Our trial has some limitations. First, our report has the inherent weaknesses of a retrospective study. Second, follow-up period of patients under antifibrotics is relatively short given that post-COVID-19-ILD is a new entity; yet, even in this short period, our study provided evidence that antifibrotics might confer significant benefit if applied early during the post-COVID-19 syndrome when fibrotic-like changes appear to be “immature.” Third, a major limitation is that this cohort has not undergone HRCT prior SARS-CoV-2 infection to compare pre and post-infection radiographic abnormalities and identify a subset of patients with pre-existing ILD patterns. Nonetheless, the percentage of patients with functional and radiographic impairment is similar to other published reports and importantly our aim was to highlight the need of early detection and management of interstitial lung disease.

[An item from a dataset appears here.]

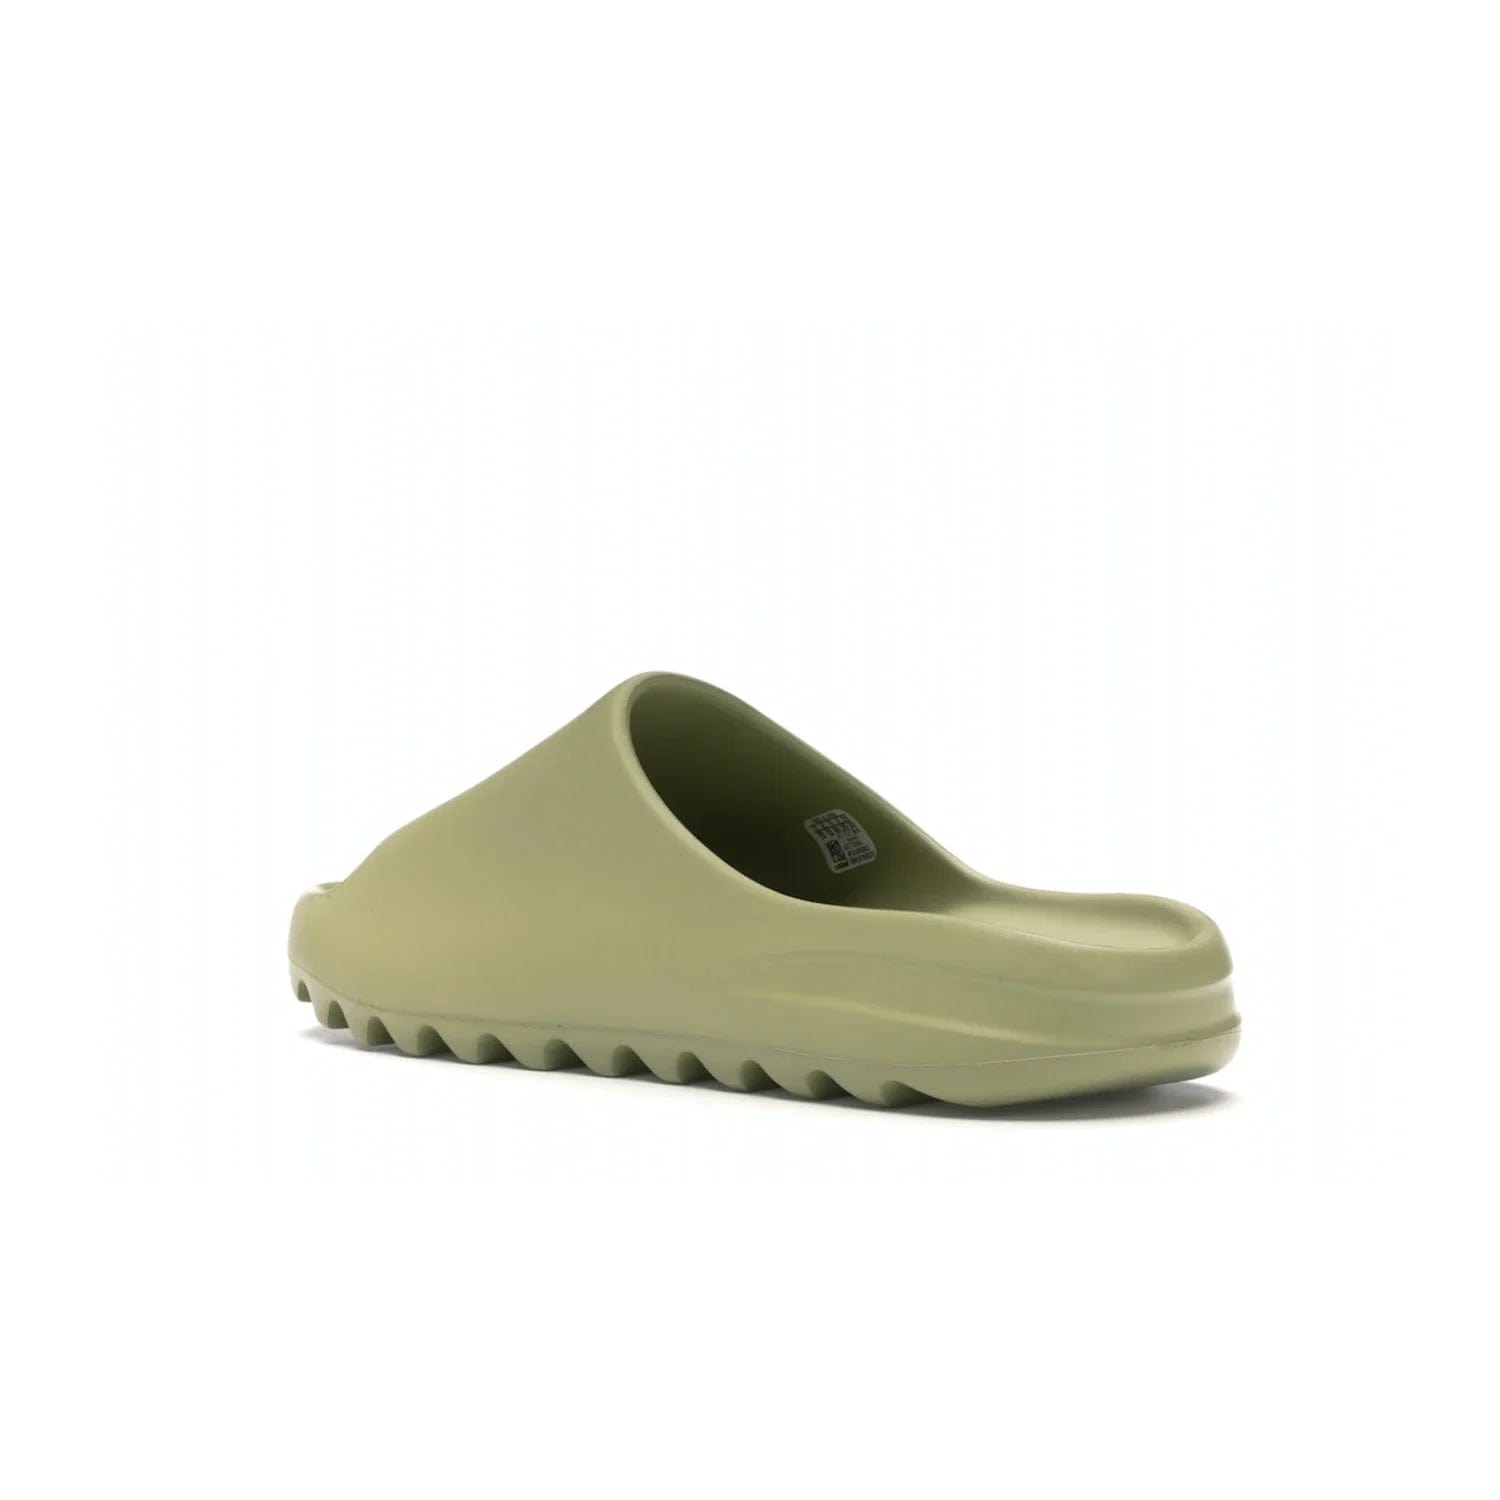 adidas Yeezy Slide Resin (2019/2021) - Image 24 - Only at www.BallersClubKickz.com - Step into fashion and function with the adidas Yeezy Slide Resin. Featuring a lightweight Resin EVA foam construction and an outsole with accentuated grooves for traction and support. The latest release is available in a Resin/Resin/Resin colorway, combining modern aesthetics and classic style. Step into style with the adidas Yeezy Slide Resin and be the trend-setter this season.

Moreover, based on current guidelines, HRCT during infection was not performed in all cases, while PFTs could not be performed at the acute phase due to safety considerations. Thus, we could not compare radiographic and functional status between the acute phase and the 3-month follow-up. Finally, based on the fact we used a common algorithm and treated similarly all cases of same severity, we could not compare patients that receive antifibrotics with other patients of same phenotype that didn’t. Besides, this was not a randomized-controlled trial. This was a real-life study aiming to present outcomes following management with a common algorithm and using a highly novel machine learning radiographic model.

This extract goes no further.